Covering roughly two-thirds of the total plateau area, alpine grasslands are the major vegetation types on the QTP and maintain fundamental ecosystem services (such as food production) to local human society [47,48]. Alpine grasslands on the QTP can be classified into diverse types according to their dominant species. Among them, the most widely distributed grassland types are alpine meadows and steppe [49,50]. Alpine meadows are characterized by relatively abundant water availability, while the alpine steppe has suffered from limited precipitation [51,52]. Meanwhile, climate variables, mainly including temperature and precipitation, display obvious elevation-dependent characteristics on the QTP [53,54,55]. Further, the alpine grasslands’ sensitivity to climate change also varies with elevation gradients [56,57,58]. Here, the two widespread grassland types and huge elevational ranges on the QTP provide an opportunity to explore the potential drivers of drought effects on vegetation growth.

In this study, leveraged by the Normalized Difference Vegetation Index (NDVI) and the corresponding standard precipitation evapotranspiration index (SPEI), we calculated drought effects, including lagged and cumulative effects, on QTP grasslands and further investigated their variations along the gradients of elevation and climate variables. Our overall objectives are as follows: (1) to detect the spatial distributions of drought effects on alpine grasslands; (2) to reveal how these effects change along elevation gradients and, further, to identify the predominant climatic contributor.

2. Materials and Methods

2.1. Study Area

The QTP is located in southwest China and has a unique environment with low temperatures, intensified solar radiation, limited precipitation, and complex terrain [59,60]. The elevation of alpine grasslands ranges from less than 2500 m to more than 5500 m (Figure 1a,b). The mean temperature of the growing season from 1982 to 2015 in the grasslands increased from less than 0 °C to greater than 12 °C (Figure 1c). The total precipitation of the growing season ranges from 100 mm to 500 mm (Figure 1d). The growing season is limited to May to September of each year.

2.2. Data

2.2.1. NDVI Dataset

To capture the vegetation dynamics, we used the NDVI as the indicator of vegetation growth. The GIMMS3g NDVI for 1982–2015 was derived at https://poles.tpdc.ac.cn/en/data/9775f2b4-7370-4e5e-a537-3482c9a83d88/, accessed on 15 May 2024 [61]. This biweekly NDVI dataset is one of the longest time series of satellite-based vegetation indicators with an 8 km × 8 km grid resolution. This NDVI dataset minimized the influence of sensor degradation, cloud cover, and volcanic aerosols and showed good performance in temporal consistency. To eliminate the impacts of sparsely vegetated areas, grid cells with a mean NDVI for growing season less than 0.1 were excluded from the analysis. To match the resolution of the climate dataset, the NDVI dataset was resampled to 0.1° grid resolution by adopting the nearest-neighbor algorithm and aggregated into a monthly timescale via maximum value composite.

2.2.2. Climate Data

The monthly mean temperature and total precipitation were obtained from the China meteorological forcing dataset (CMFD) (http://data.tpdc.ac.cn/en/, accessed on 15 May 2024), which was developed by fusing the climate variables of satellite-based observations, reanalysis datasets, and meteorological station data [62]. With a grid resolution of 0.1°, the CMFD is generally better at evaluating accuracy than other climatic products in China.

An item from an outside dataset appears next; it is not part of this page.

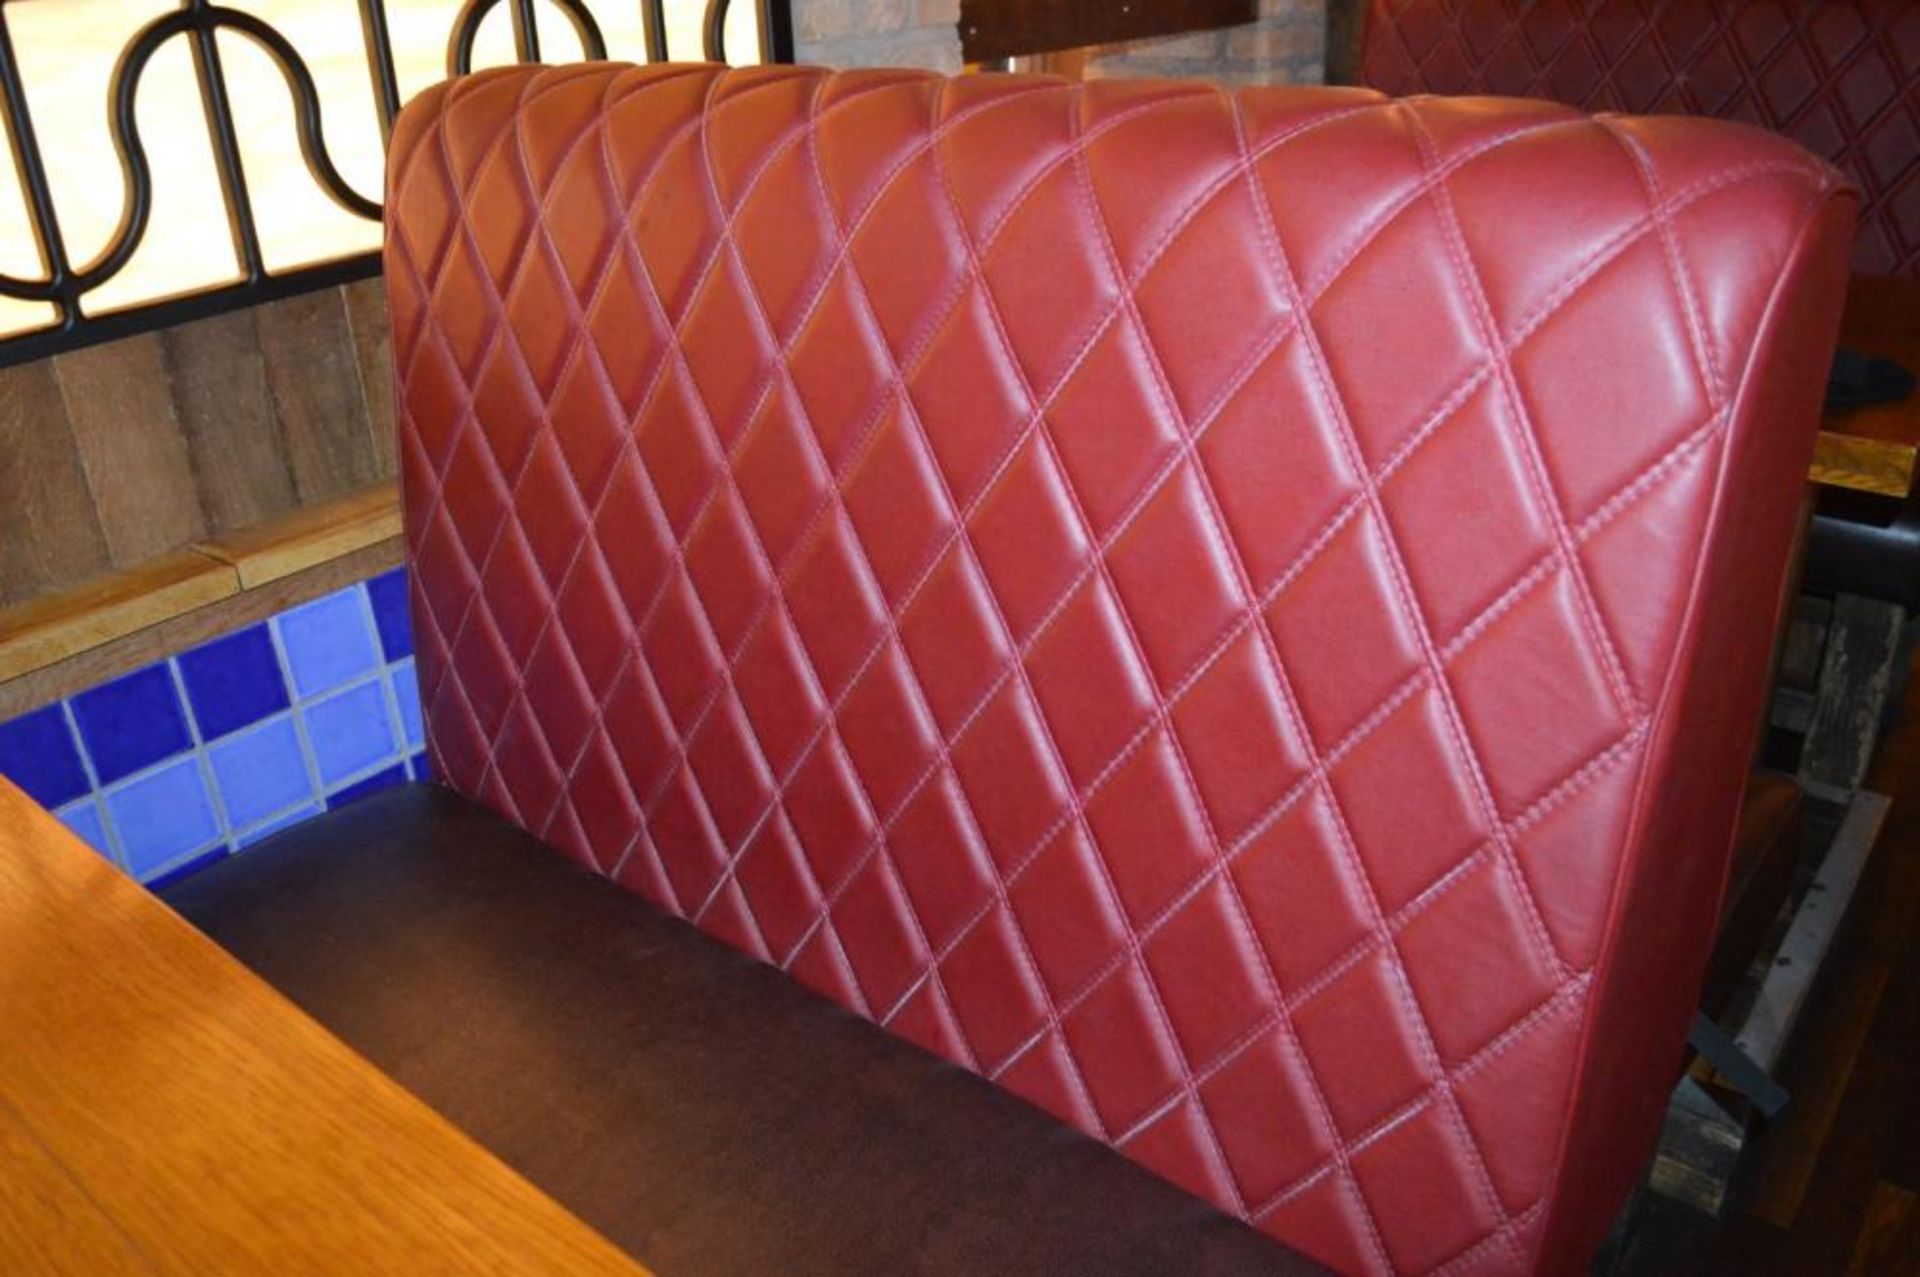 13 x Selection of Contemporary Restaurant Seating With Red and Brown Faux Leather Upholstery and - Image 7 of 8

2.2.3. Vegetation Cover and Elevation Dataset

The grassland types on the QTP were derived from the 1:1,000,000 vegetation atlas of China (https://poles.tpdc.ac.cn/zh-hans/data/eac4f2cf-d527-4140-a35d-79992957f043/, accessed on 15 May 2024), which was completed by more than 200 scientists after more than 30 years of work and has been widely used in previous ecological studies. The vegetation map shows the distribution of 868 basic vegetation taxonomic units in China. It shows, in detail, the distribution and geographical pattern of vegetation, including horizontal distribution, vertical distribution, and its relationship with climatic factors and ground environmental factors. The elevation (spatial resolution of ~1 km) of the Global 30 Arc-Second Elevation Dataset (GTOPO30, https://www.usgs.gov/centers, accessed on 15 May 2024) was downloaded from the Google Earth Engine (GEE) platform. GTOPO30, completed in late 1996, is a global digital elevation model (DEM) derived from several raster and vector sources of topographic information. To match the spatial resolution of the climate data, both the vegetation cover and elevation dataset were resampled to a 0.1° grid resolution by adopting bilinear interpolation.

2.3. Method

2.3.1. Drought Index

The standard precipitation evapotranspiration index (SPEI), derived from the deviations from average climatic water balance (Equation (1)), is widely used in the assessment of the intensity and duration of drought [63]. The SPEI synthesizes the effects of temperature variability into drought evaluation and has the capacity to identify droughts at different scales [19,64]. The calculation method for climatic water balance is as follows:

$$B_i=P_i-{PET}_i$$

(1)

where i is the month, and $B_i$, $P_i$, and ${PET}_i$ are the monthly water balance (mm), the monthly total precipitation (mm), and the monthly potential evapotranspiration (mm), respectively.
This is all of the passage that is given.